González Echenique tira la toalla al no poder sacar adelante las cuentas de RTVE
Leopoldo González-Echenique.

Leopoldo González-Echenique tira la toalla. Se va tras perder el último pulso echado a su archienemigo Cristóbal Montoro. Incapaz de gestionar la sobredimensionada RTVE con menos dinero, el abogado del Estado deja su sillón tras serle negada una inyección de 130 millones de euros, tal y como adelantó el pasado 23 de septiembre de 2014 Periodista Digital –González-Echenique se plantea dimitir si no recibe los 130 millones prometidos-.
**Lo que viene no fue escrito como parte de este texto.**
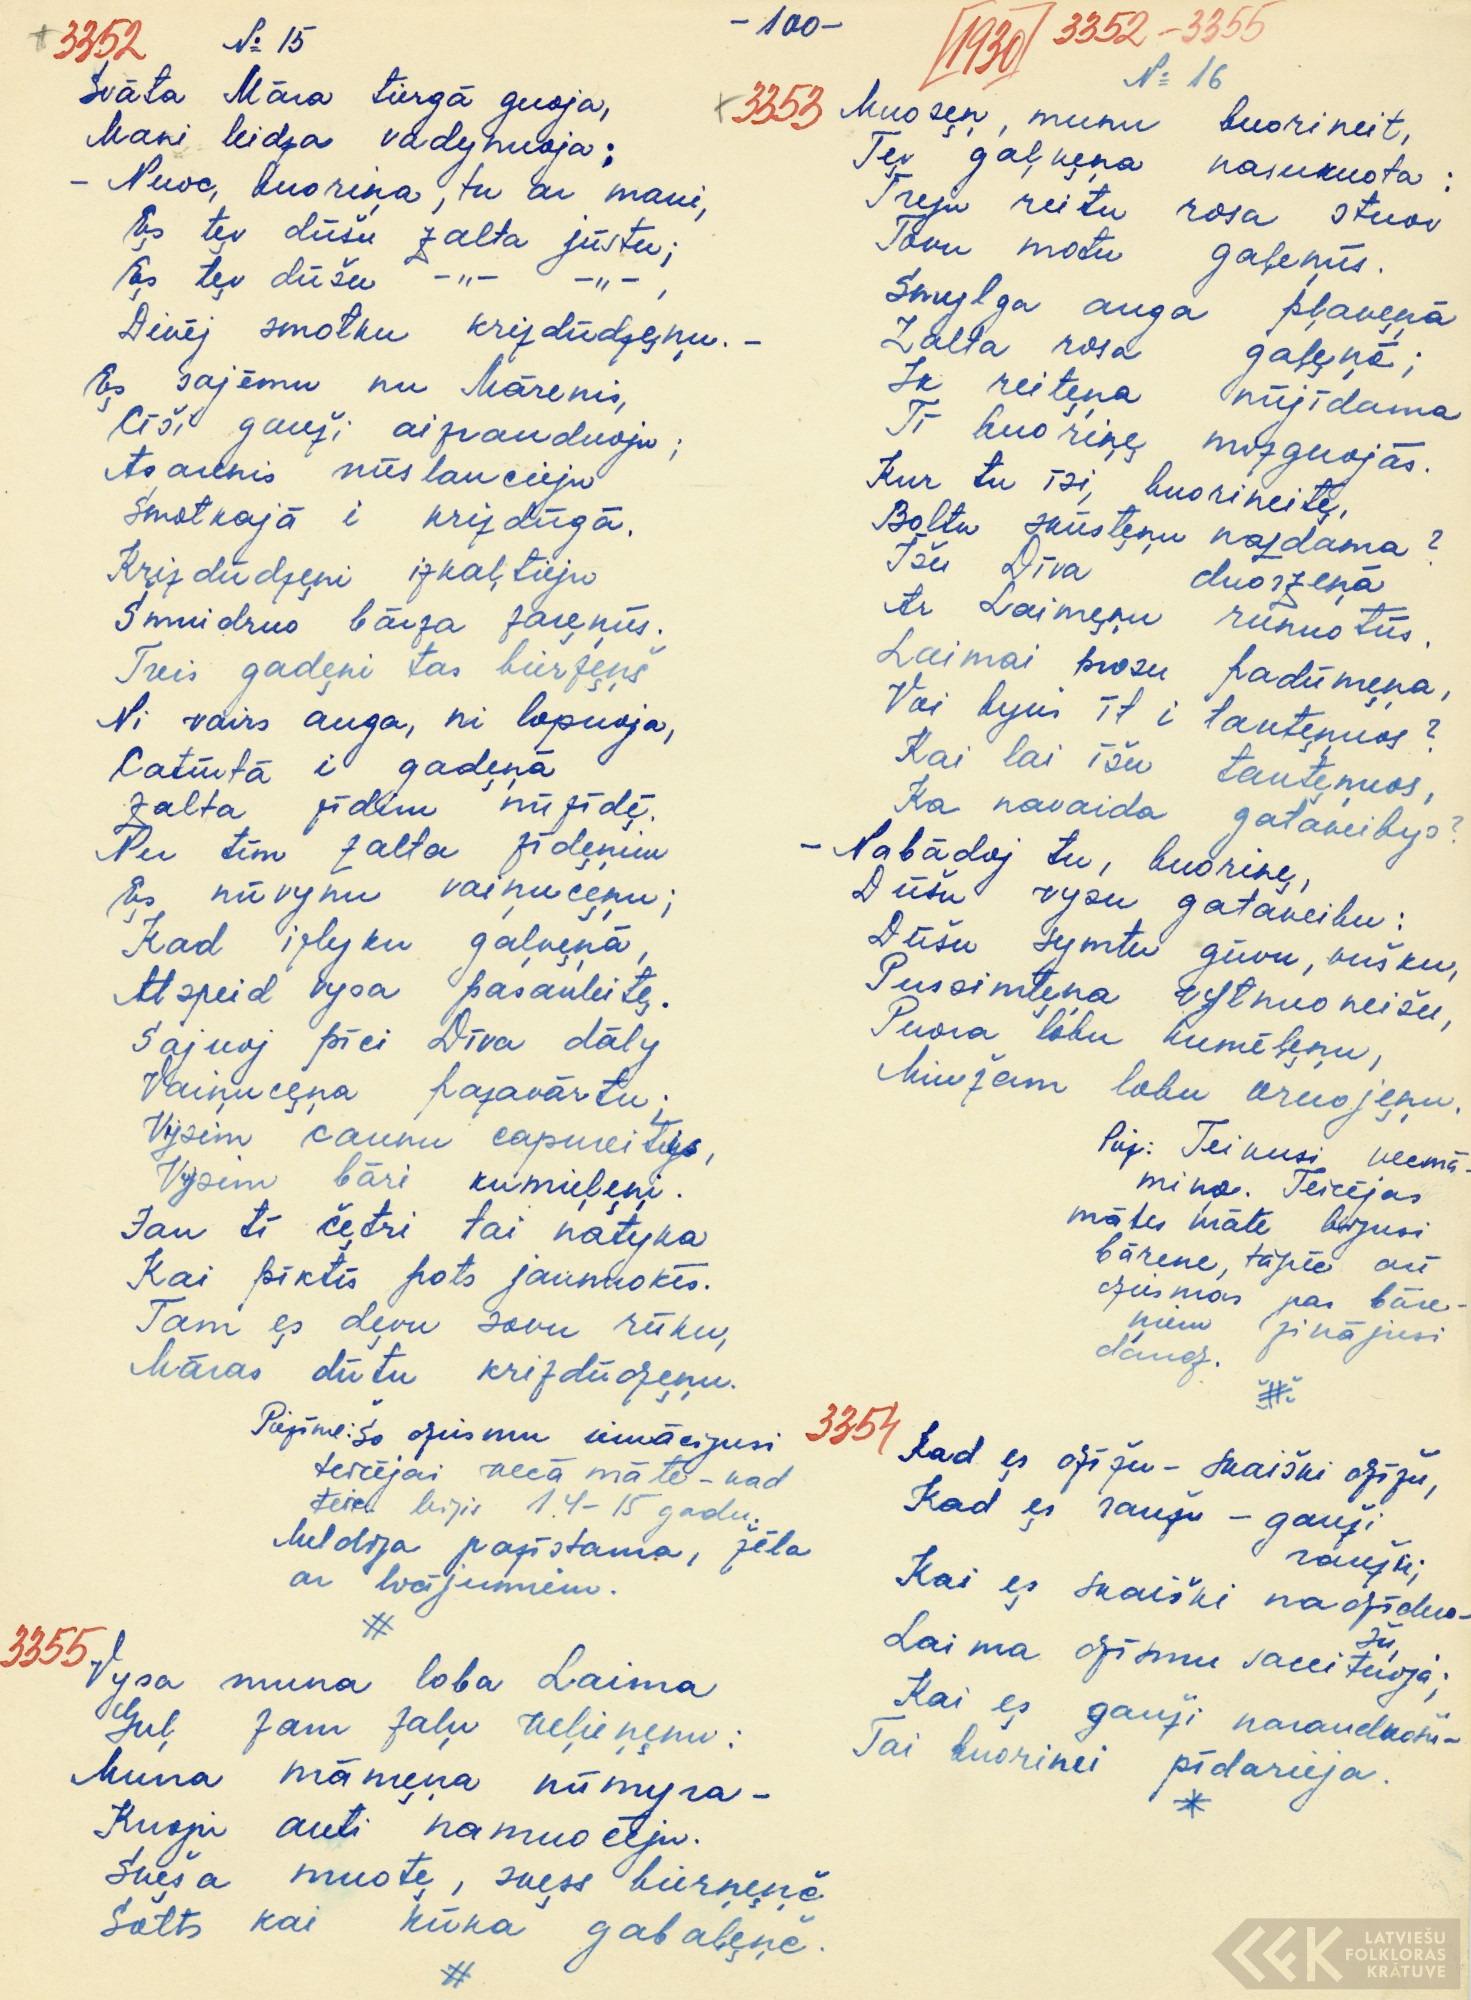 1930-10-zinatniska-ekspedicija-07-0071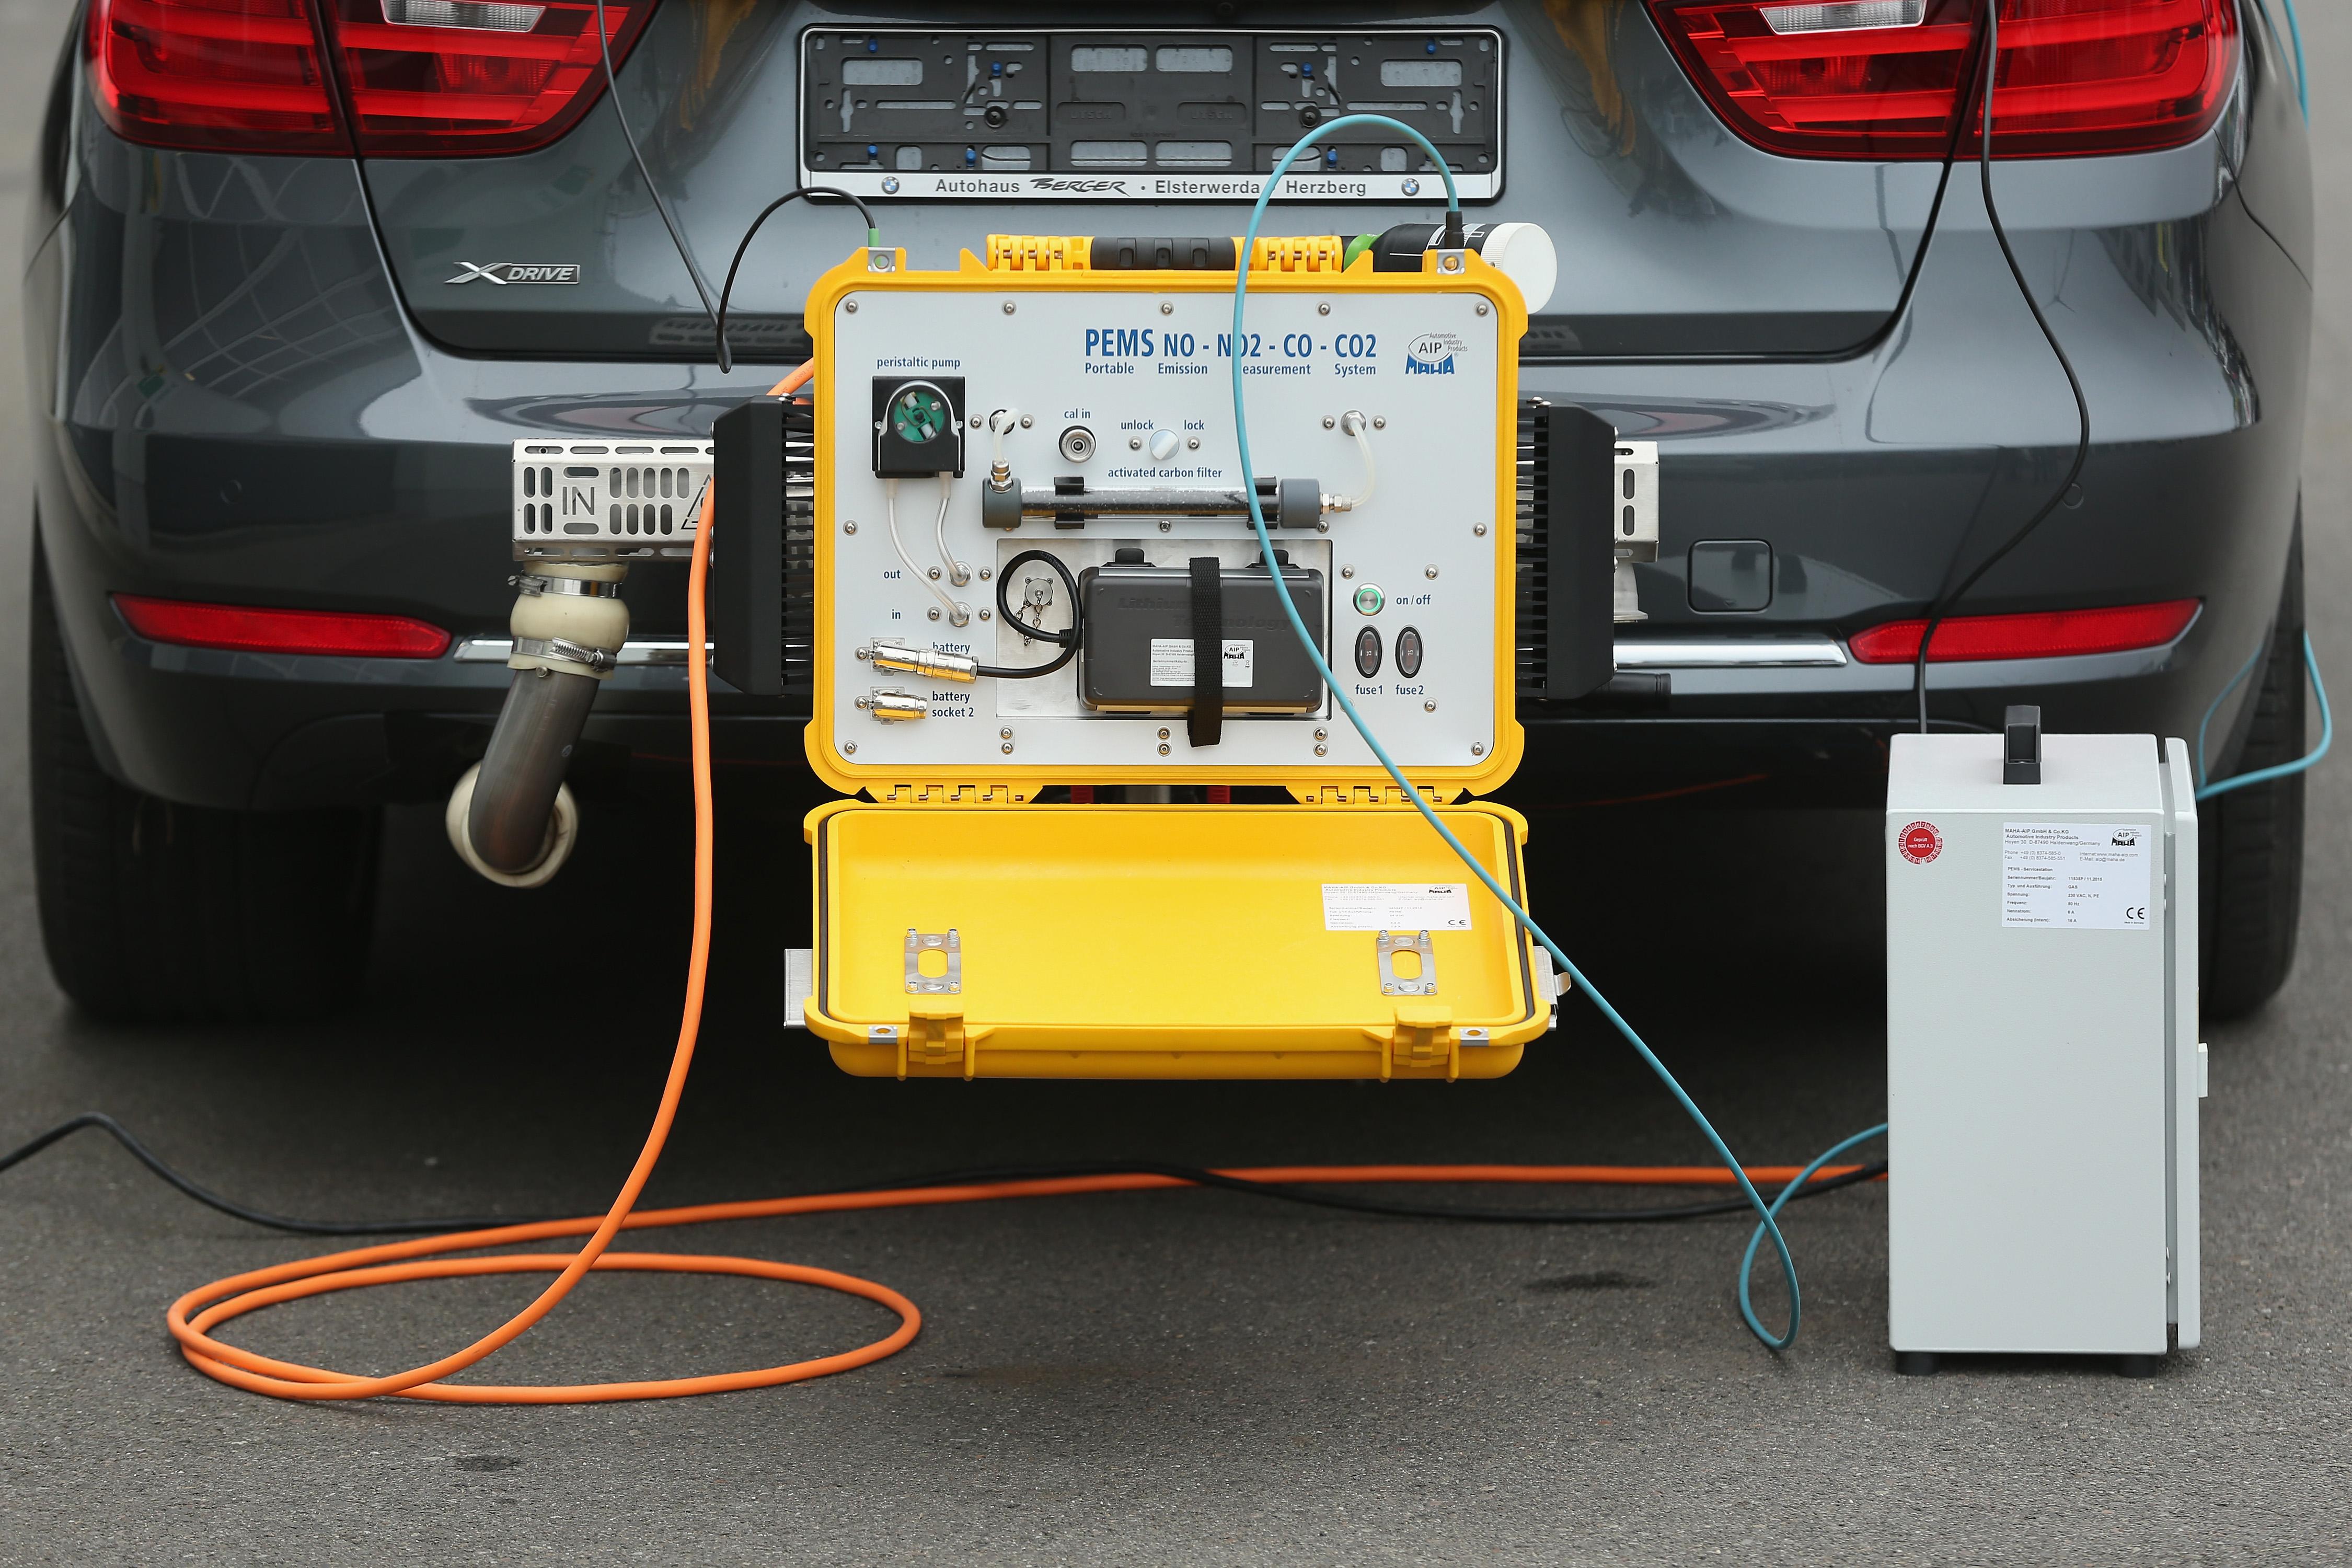 Emissions Testing At DEKRA Facility

El abogado del Estado puso un pie en Prado del Rey con la vitola de buen gestor. Era un desconocido para el mundo de las productoras de la televisión pero Moncloa no buscaba un Ted Turner sino alguien que supiera cuadrar números. Y le vicepresidenta lo encontró en su entorno de amigos guay: «Lluvia fina. No quiero follones con los sindicatos ni que digan que TVE es la televisión del PP», le encomendó Soraya.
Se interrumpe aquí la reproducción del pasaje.